Try it —
Everything from the line with "Fog amongst the trees by AnnDessnert" to the line with "Sitôt la crise" in the listing below, both lines included, needs to be copied exactly, apart from the pictures.

Input —
· · · · ·

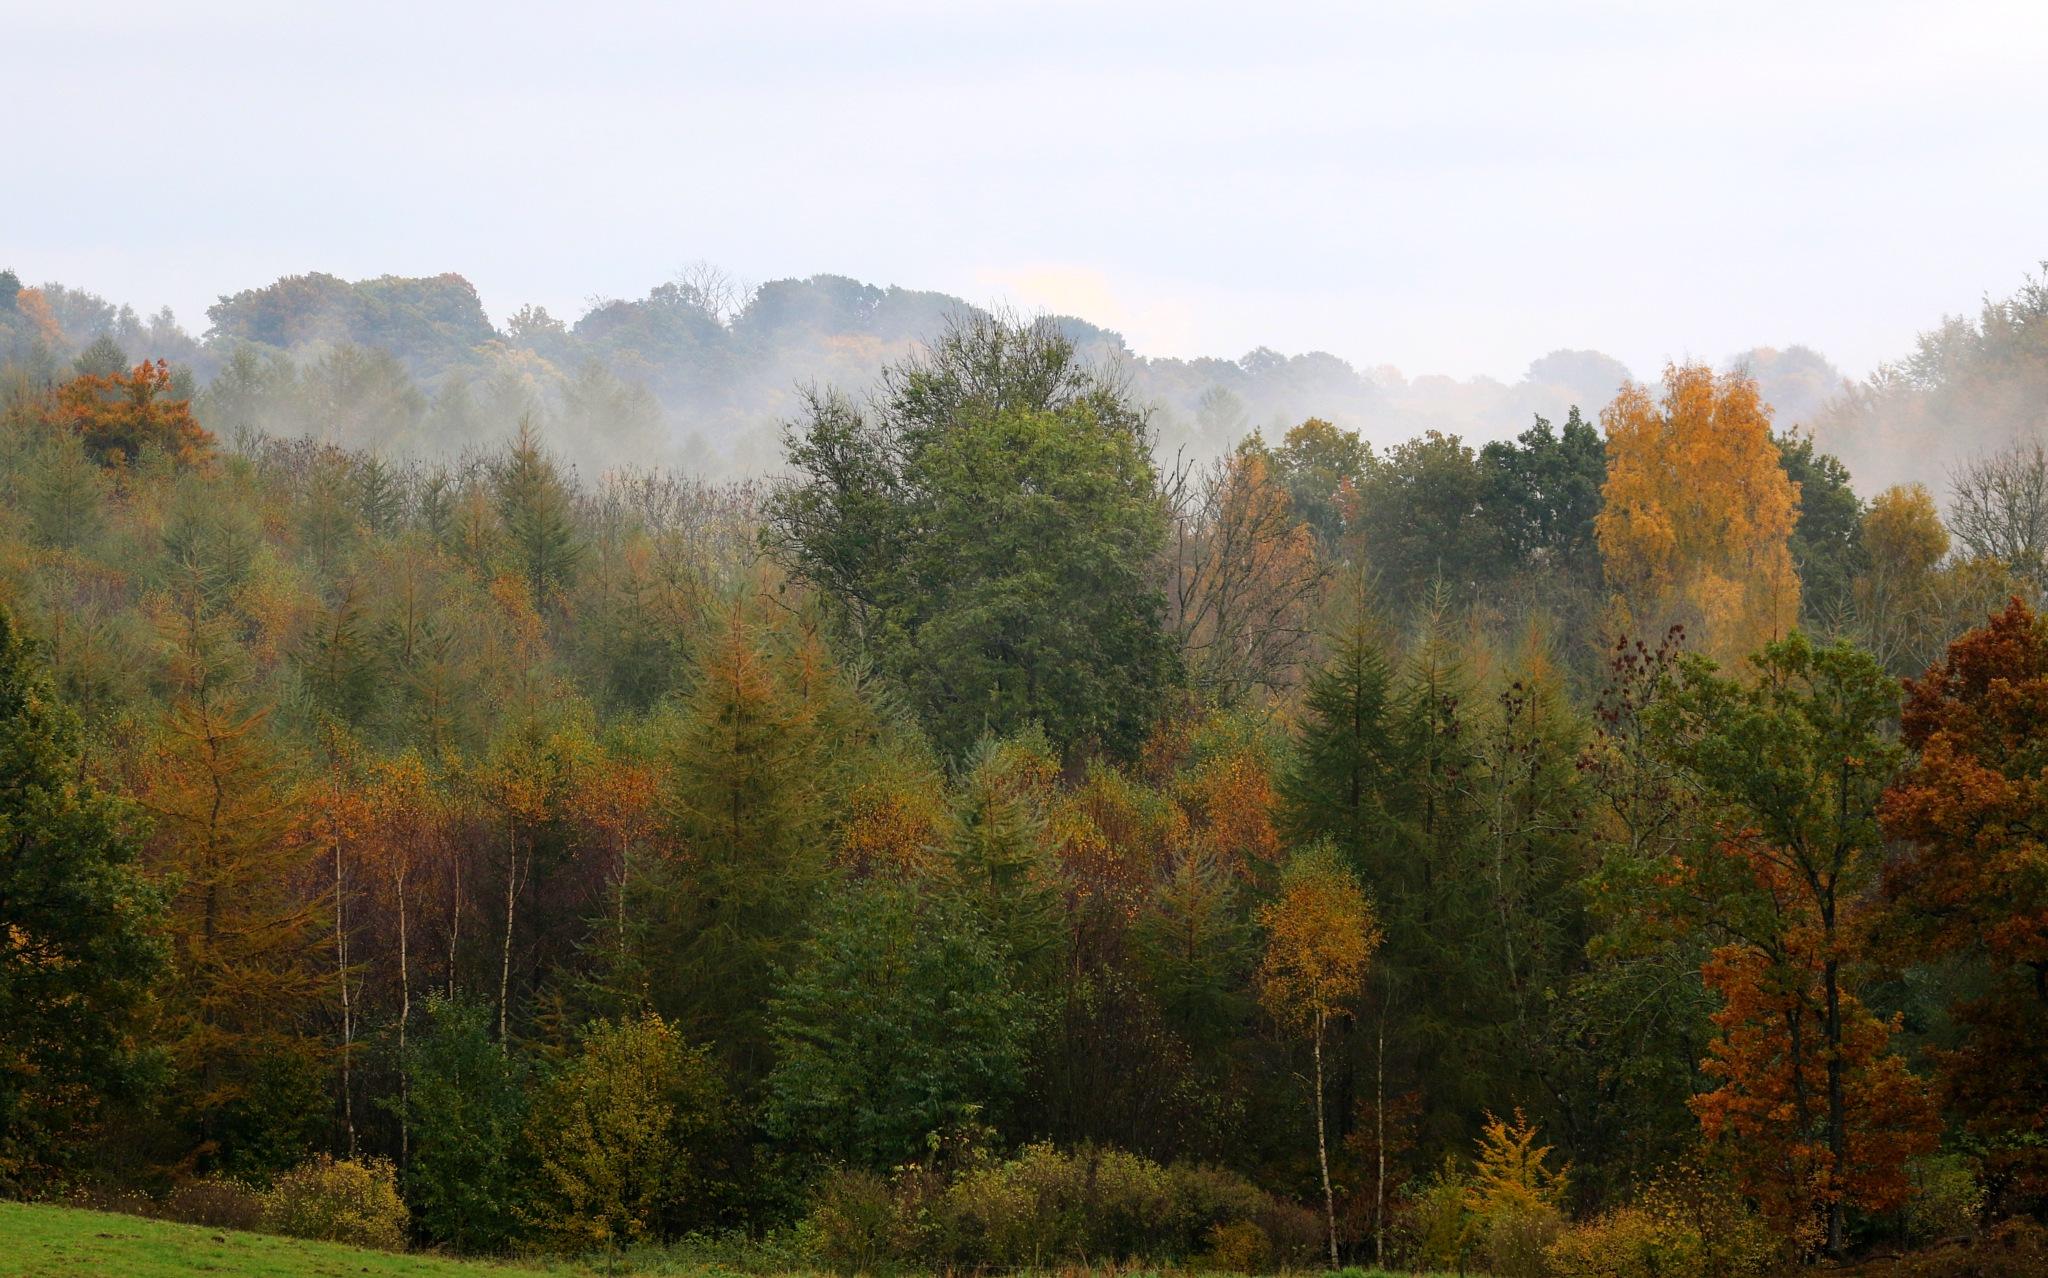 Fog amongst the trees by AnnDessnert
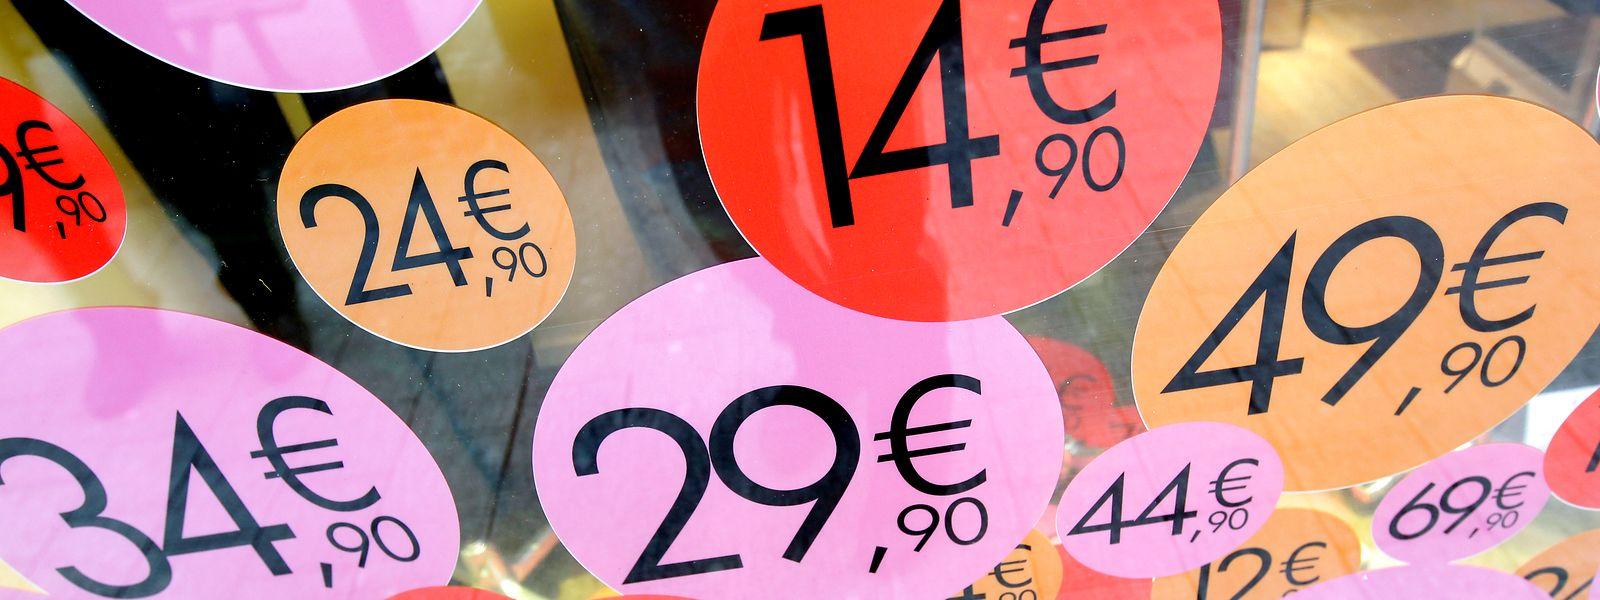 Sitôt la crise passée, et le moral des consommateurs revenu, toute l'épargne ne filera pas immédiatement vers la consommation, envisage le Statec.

· · · · ·

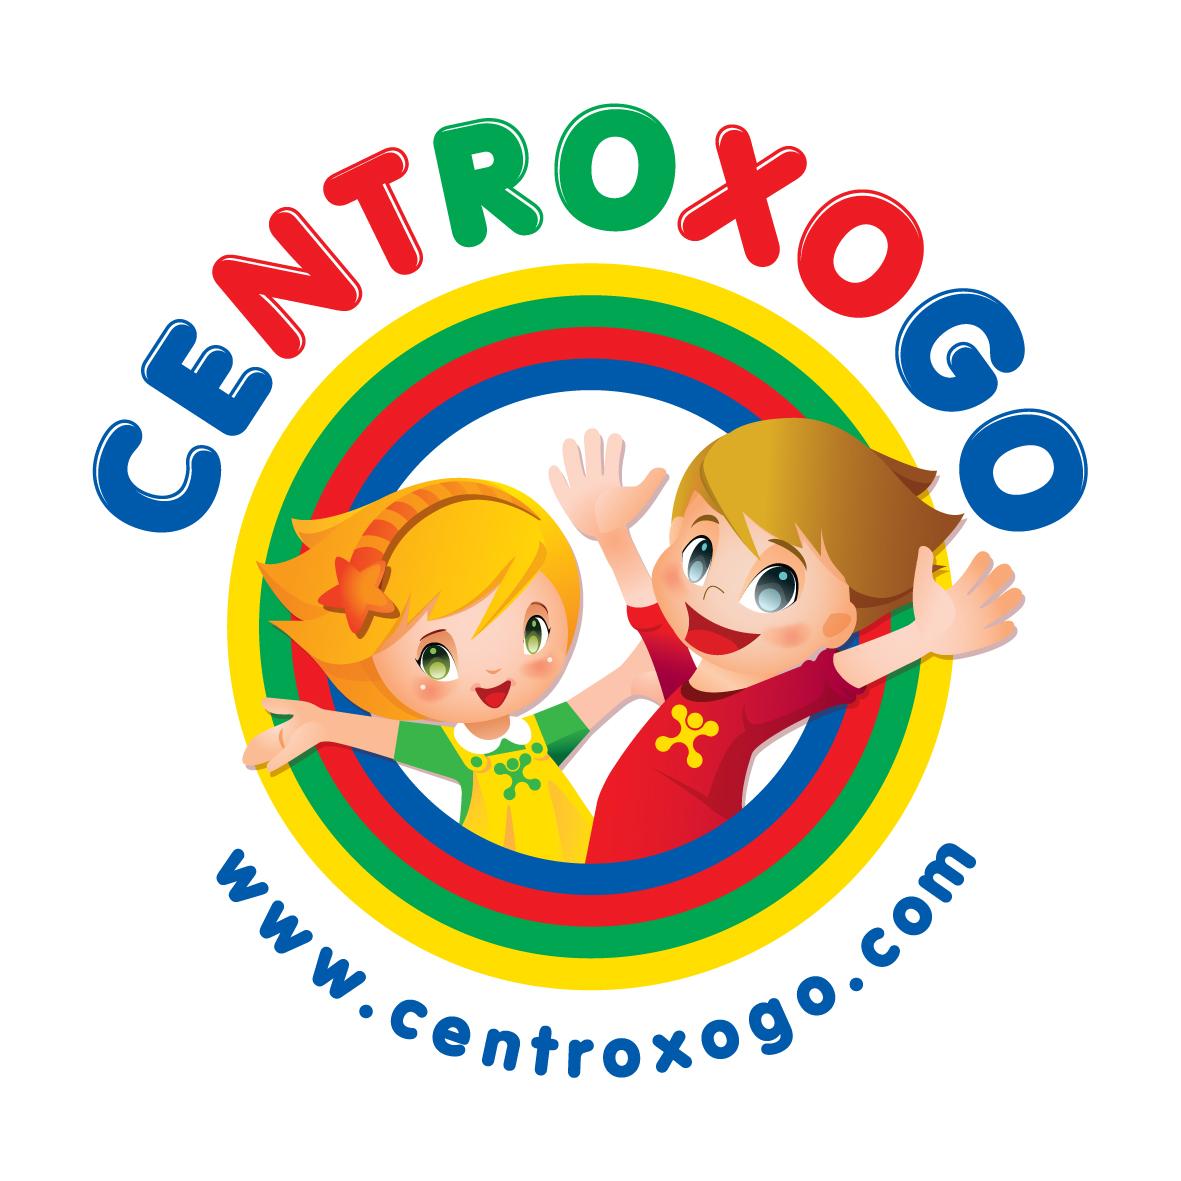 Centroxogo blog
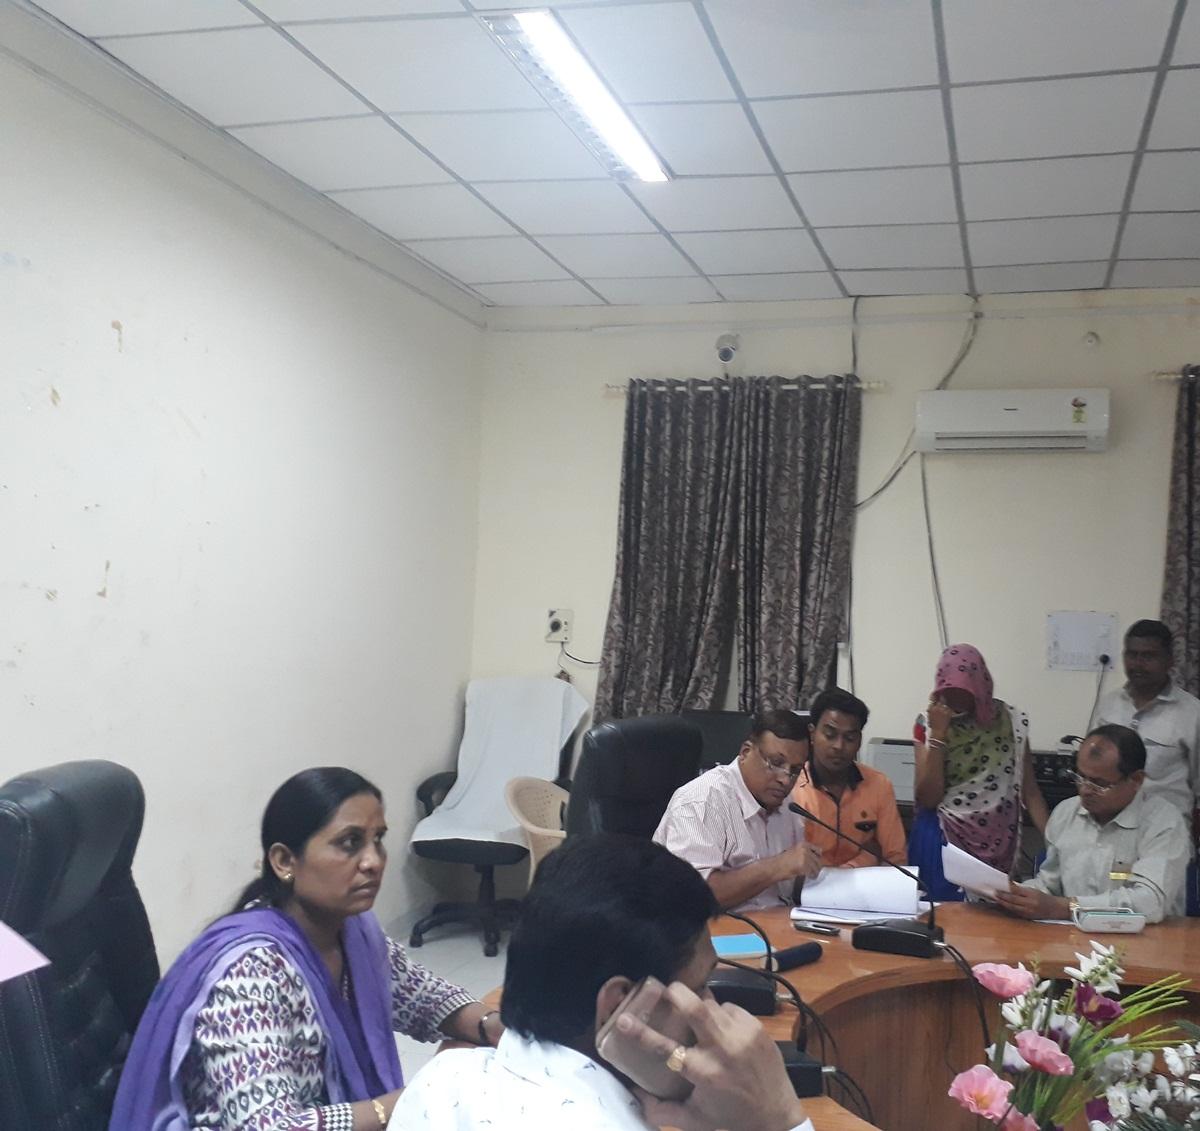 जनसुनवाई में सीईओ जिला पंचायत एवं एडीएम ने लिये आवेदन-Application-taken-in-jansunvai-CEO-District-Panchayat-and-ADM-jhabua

· · · · ·

Expected output —
 Fog amongst the trees by AnnDessnert
 Sitôt la crise passée, et le moral des consommateurs revenu, toute l'épargne ne filera pas immédiatement vers la consommation, envisage le Statec.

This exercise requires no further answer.